*GIVEN MATERIAL*
= Beginning of Section =

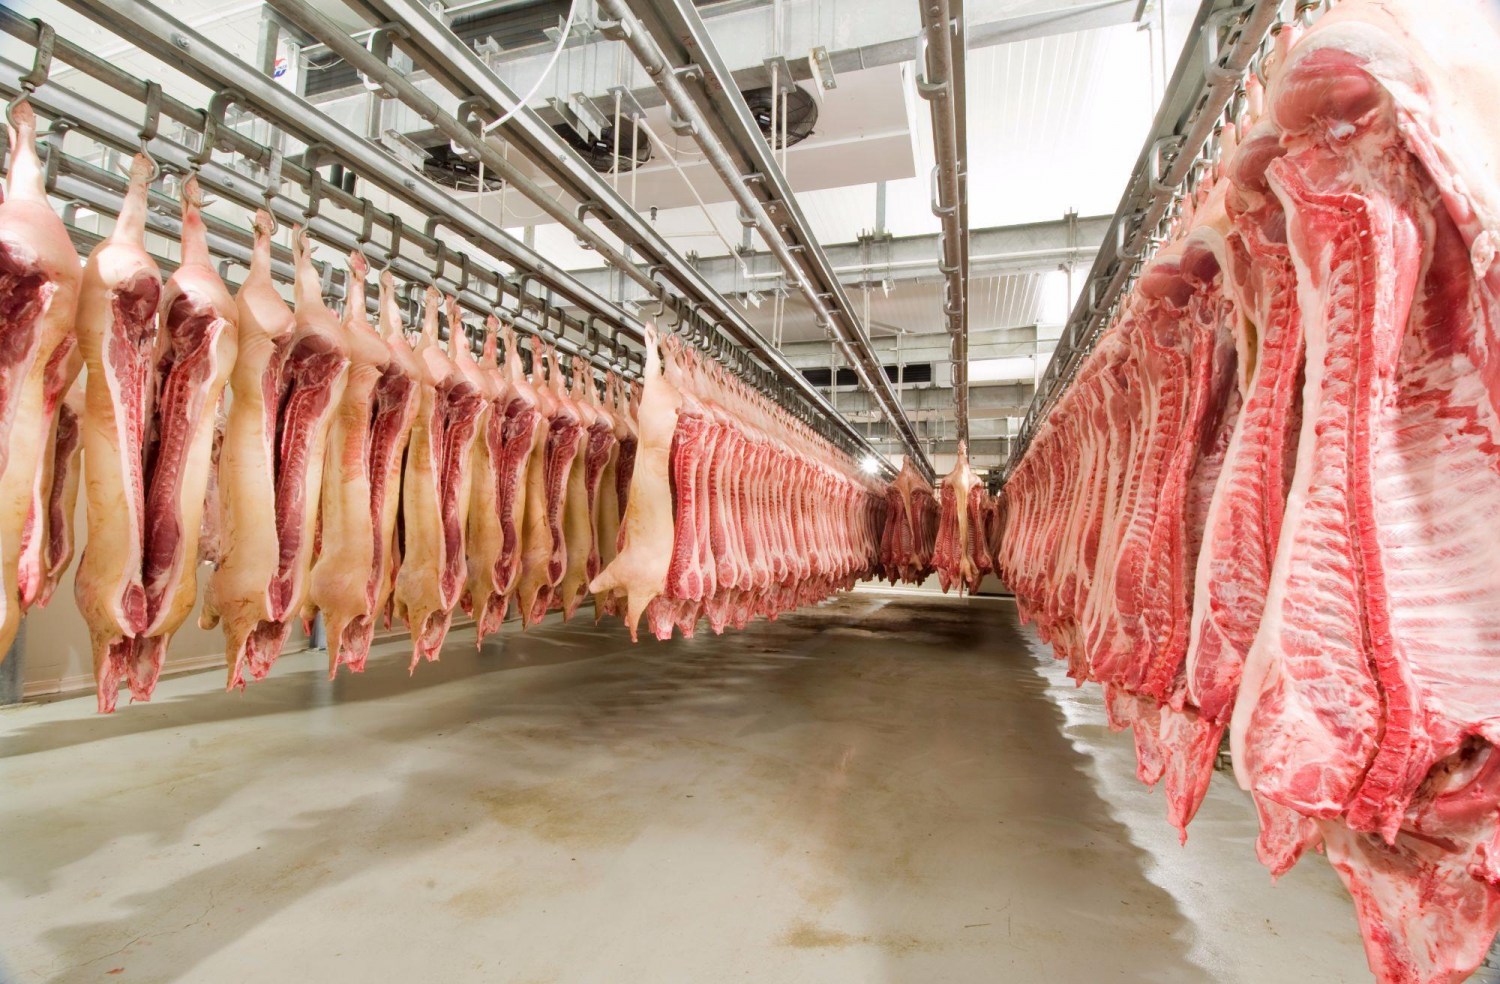 Carne suína perde competitividade frente às substitutas
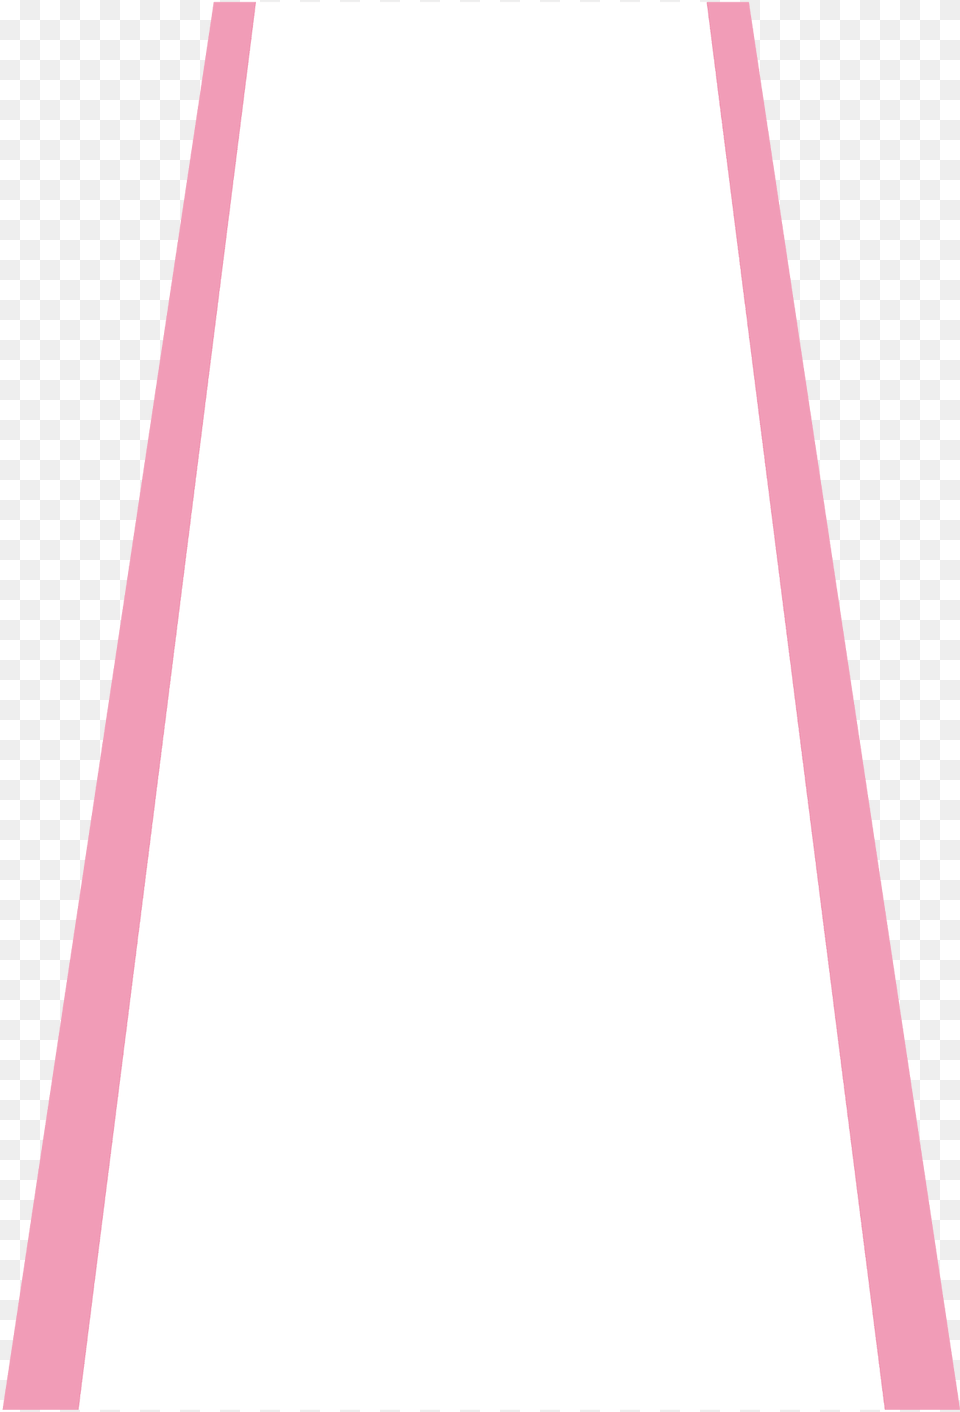 Pink Trapeze Light Clipart, Home Decor Free Transparent Png
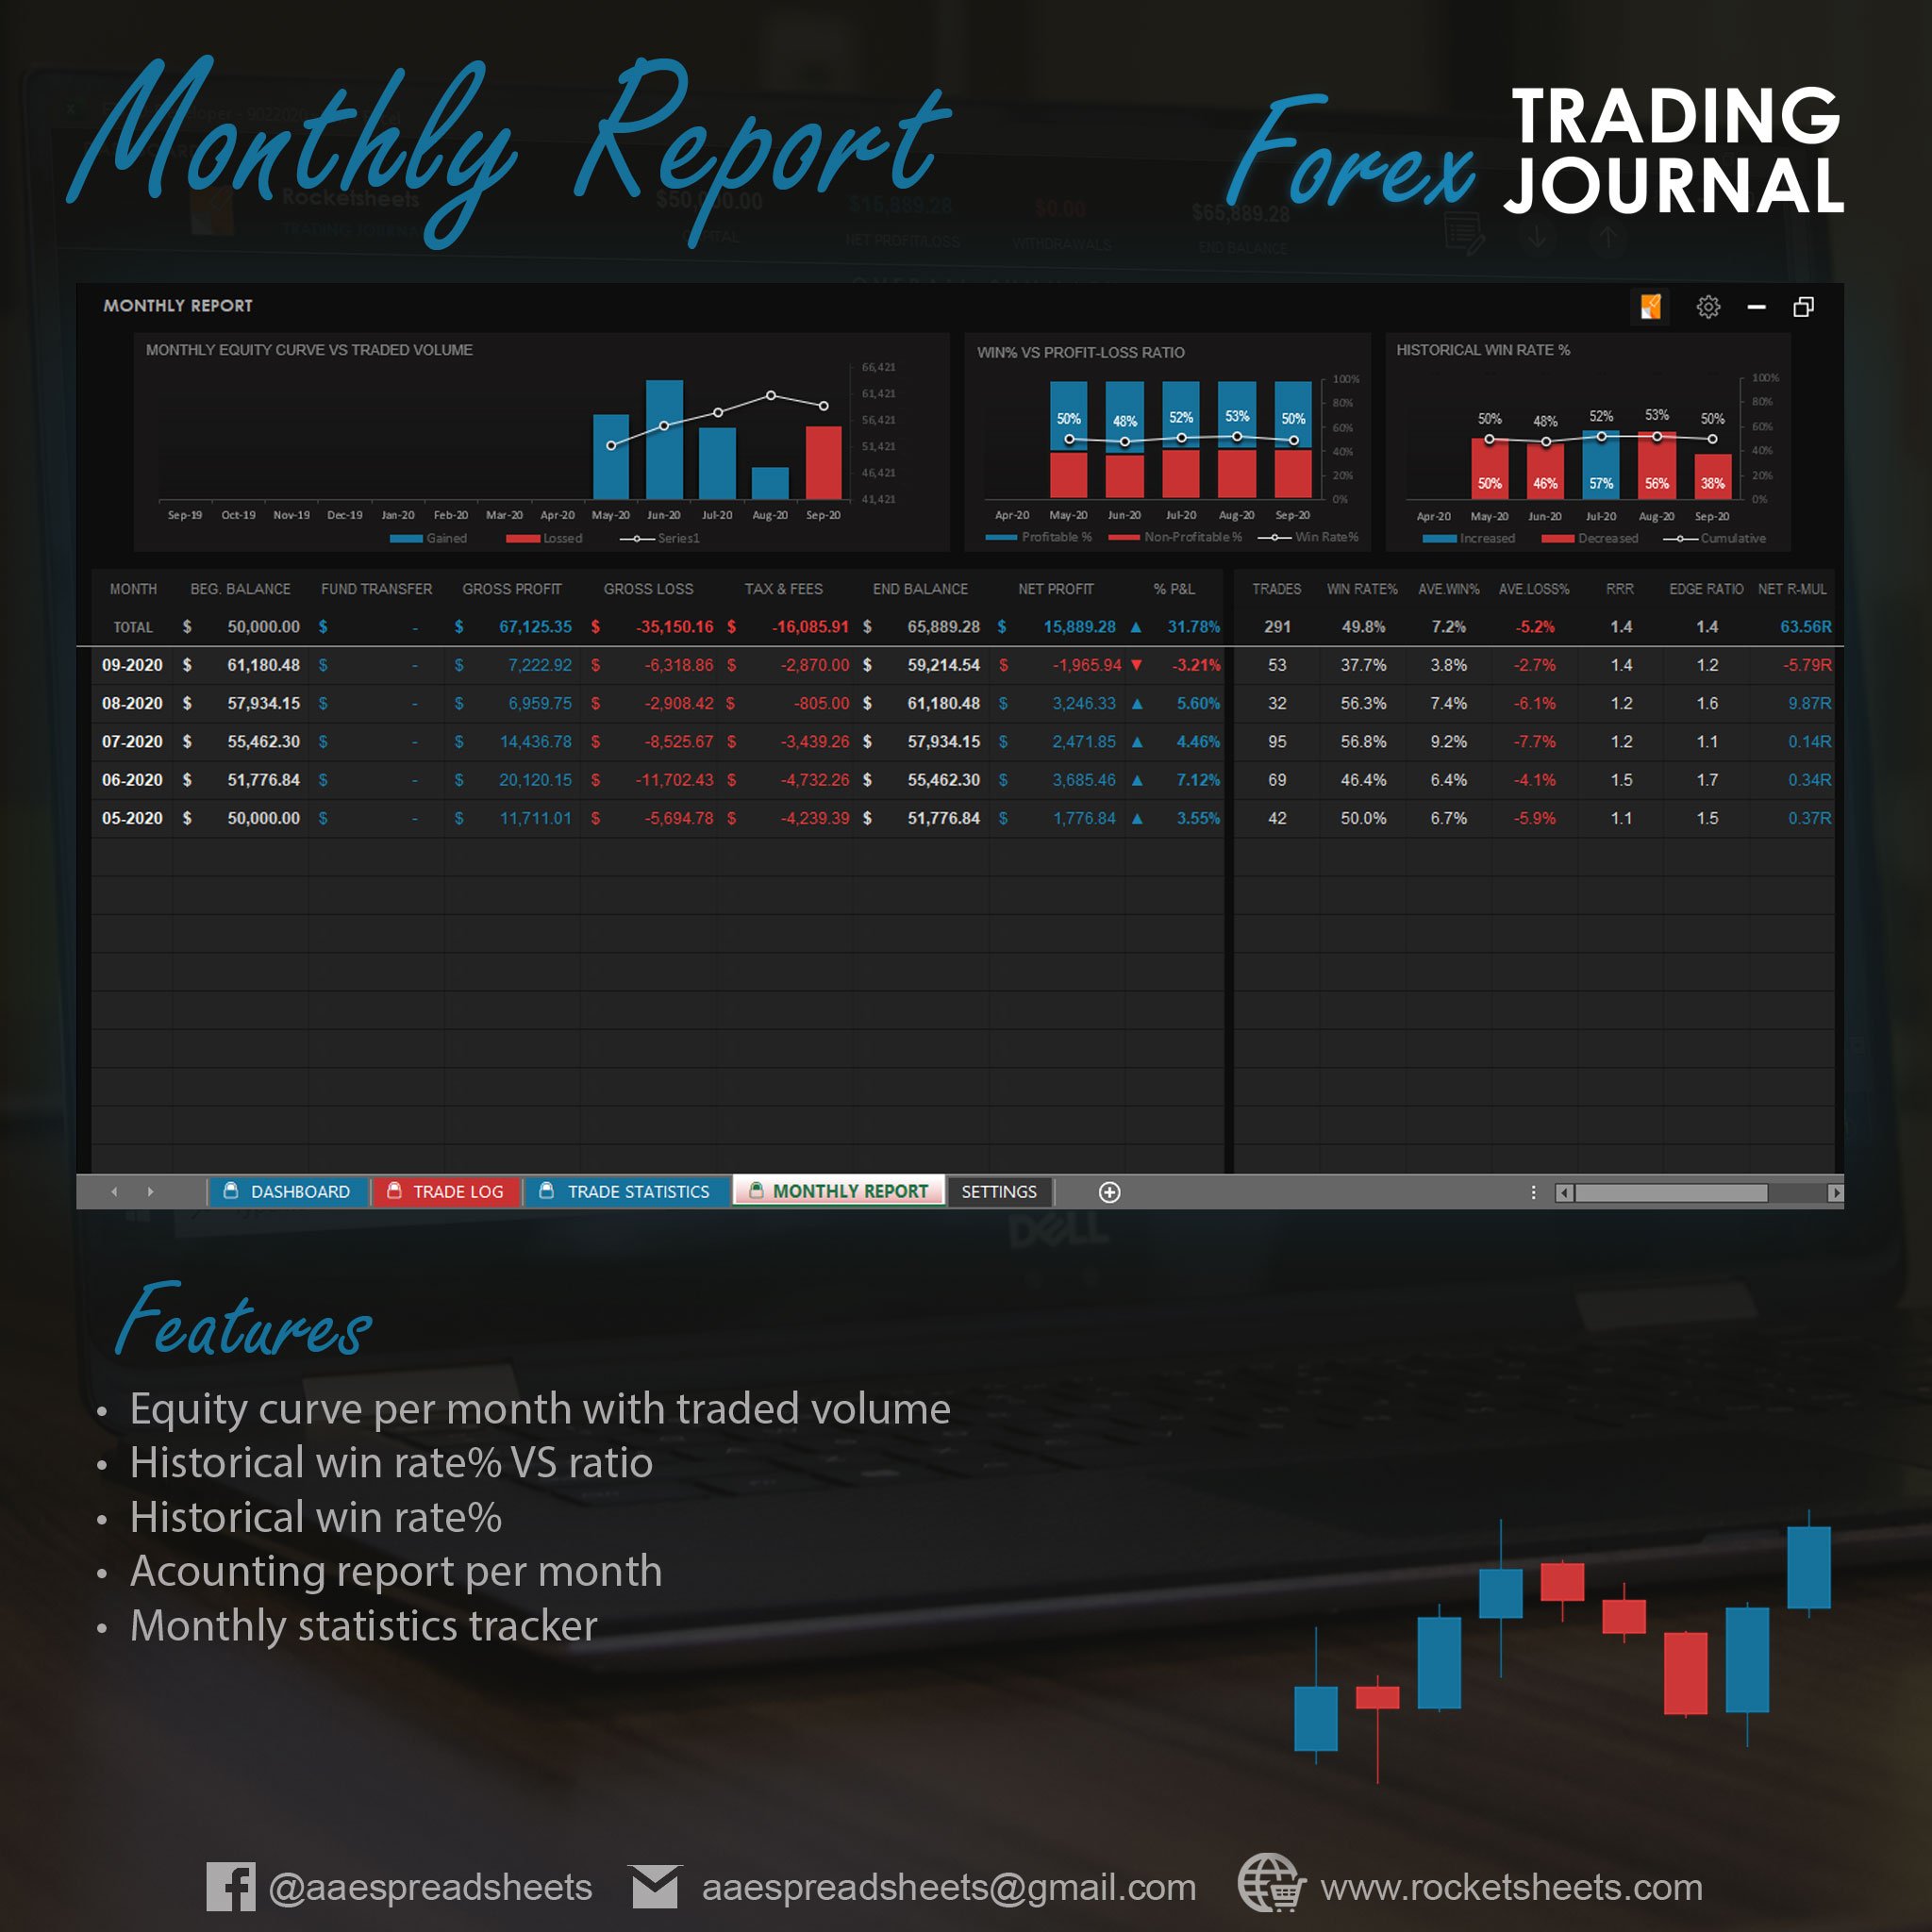 Forex trading journal spreadsheet download

= End of Section =

From the first line to the last, output the data exactly; skip any pictures.

*WRITTEN ANSWER*
 Carne suína perde competitividade frente às substitutas
 Pink Trapeze Light Clipart, Home Decor Free Transparent Png
 Forex trading journal spreadsheet download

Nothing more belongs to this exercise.